Понятно, что, встретив его потом в Думе у себя в комиссии в качестве представителя Ведомства императрицы Марии, я не мог выразить большой радости, помня нашу встречу с ним в Рязани. Думаю, что тогда-то он и решил показать свой товар лицом.
Надо отдать справедливость этому ведомству, что все его учреждения поставлены были очень хорошо, гораздо лучше соответствующих учреждений других министерств. И я был вполне вправе впоследствии заявить с трибуны Государственной думы, когда кадет Некрасов[207] выразил претензию, почему Ведомство императрицы Марии не подчинено Государственному контролю, что ведомство это имеет свой контроль, которому доселе еще не известны случаи хищений, подобно Морскому ведомству или градоначальством замолченных Государственным контролем.
Впоследствии депутат Шингарев признался мне, что он также шел на трибуну поддержать Некрасова, но после моих ответных слов вернулся обратно на свое место.
С ведомством этим у нас были хорошие отношения. Испортились они позже, когда умер управляющий ведомством С. В. Олив[208], а его место занял князь Голицын-Муравлин[209], известный беллетрист. Он очень протежировал начальнице Павловского института графине Кайзерлинг. Между тем в институте этом царили распущенность и беспорядок. Я хорошо был осведомлен об этом, так как там училась сирота, в которой я принимал участие. Девочки там были так распущены, что доставали даже себе вино на вечеринках и умели наладить переписку с юнкерами. Кончилась эта распущенность трагически: одна из девочек, чем-то оскорбленная, бросилась с самого верха, с четвертого этажа в пролет лестницы и расшиблась насмерть. Об этом я был тотчас осведомлен.

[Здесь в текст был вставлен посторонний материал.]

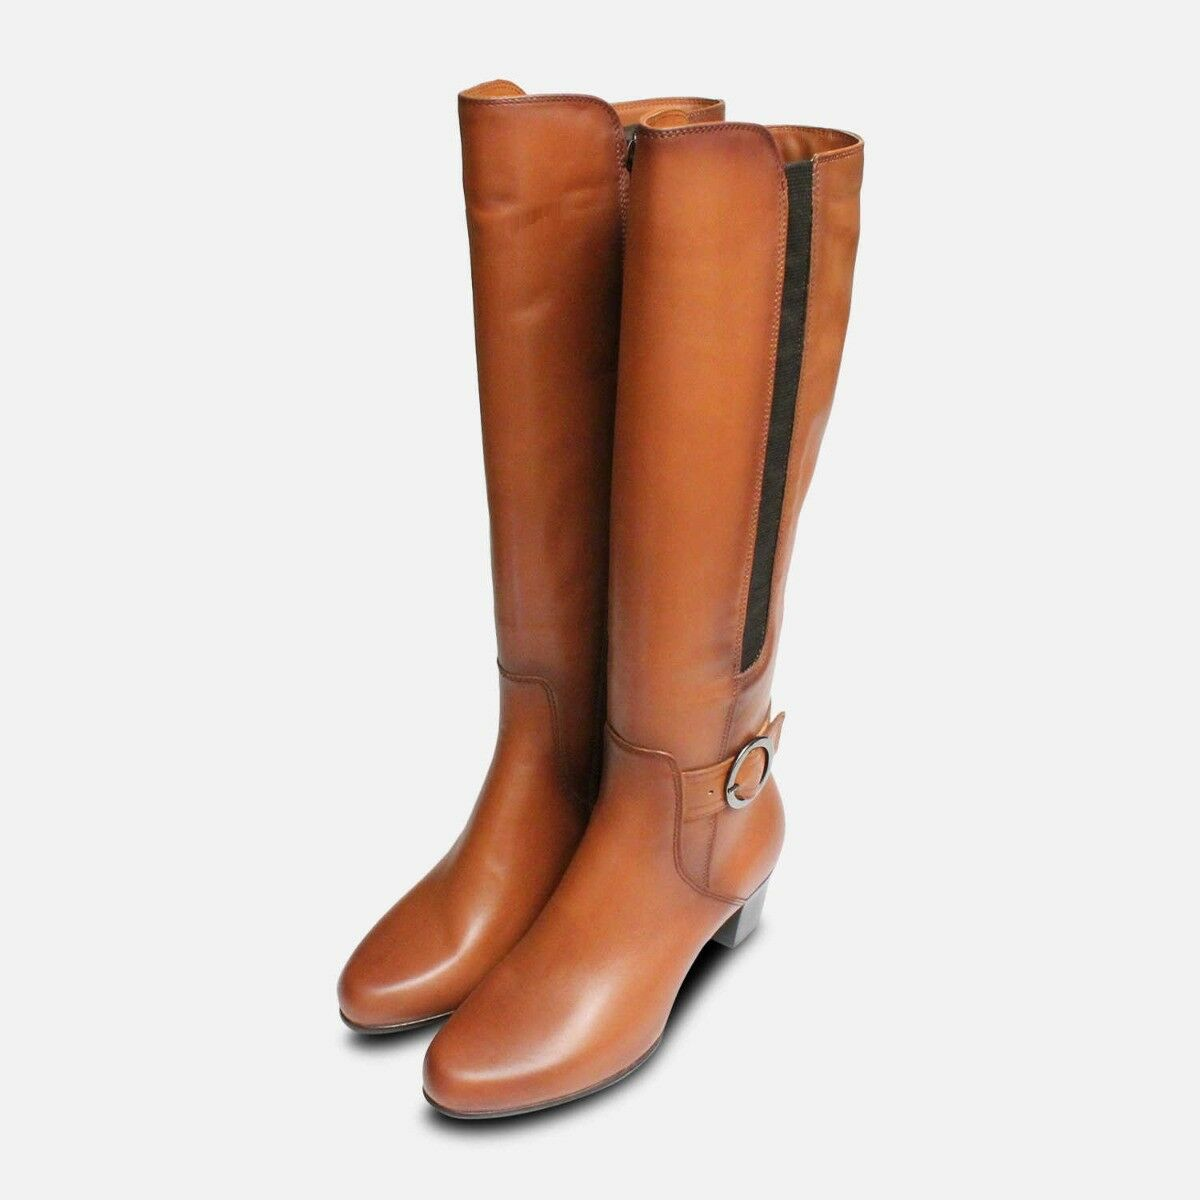 Tamaris Tan braun Leather Knee High Stiefel with Heel

После этого слуха, оглашенного в печати, мы с депутатом Шингаревым условились требовать от начальства ведомства, чтобы начальница института была уволена. Переговоры велись через некоего Бабиевского. Мы поставили этот ультиматум с обещанием не выступать по этому вопросу в Думе. Однако Голицын-Муравлин все тянул с решительным ответом и дотянул до заседания Думы. Так как требование наше не было выполнено, то я уведомил Кистера, что я выступлю в Думе по поводу этого трагического случая. Речь моя оказалась весьма внушительной, ибо я рассказал о всех безобразиях, творящихся в институте, и требовал, чтобы начальство обратило на это самое серьезное внимание, особенно после прискорбного случая с несчастной девочкой. Кистер, скрывшийся на хоры, был в отчаянии от моей речи. Пресса подхватила эту речь; вскоре князь Голицын-Муравлин был смещен.
Однако графиня Кайзерлинг как ловкая женщина сумела вывернуться: она прикинулась оскорбленной и заявила, что я преследую ее из личной мести из-за той сироты, о которой я упомянул, очень живой девочки, за которую я всегда заступался. Графиня Кайзерлинг воспользовалась этим обстоятельством, чтобы свалить с больной головы на здоровую, а наш лидер Гучков поверил этой инсинуации и даже счел возможным иметь со мной по этому поводу объяснение, спросив меня: правда ли, что я хлопотал за свою племянницу в Павловском институте? Я ответил, что это правда, но более на эту тему разговаривать с ним не стал. Как и всегда, здесь правда мешалась с клеветой, и во всяком случае погибель девочки, бросившейся в пролет лестницы, не стояла ни в какой связи с моими более ранними хлопотами о сироте и одинаково потрясла всех, как меня, так и Шингарева, но не Голицына-Муравлина и графиню Кайзерлинг, а по-видимому, и не Гучкова, раз он поддался этой клевете. Через несколько дней я получил приглашение от почетного опекуна Павловского института, не помню сейчас фамилии этого генерала, пожаловать в заседание комиссии для дачи показаний по поводу оглашенных мною в Думе сведений о Павловском институте. Конечно, пользуясь правом депутатской неприкосновенности, я мог послать этого почетного опекуна к черту, но я решил дать ему урок. Когда в назначенное время я приехал в заседание, то я застал там кроме опекуна еще и юрисконсульта ведомства и некоторых других лиц. Составилось какое-то импровизированное судилище, и почетный опекун открыл заседание хотя и вежливой, но довольно заносчивой речью: «Мы не можем допустить, чтобы на наш институт бросали тень». Тогда и я в очень вежливой, но решительной форме потребовал немедленно пригласить в заседание господина Бабиевского. Прошло полчаса томительного ожидания. Наконец Бабиевский явился. Тогда уже инициатива перешла в мои руки.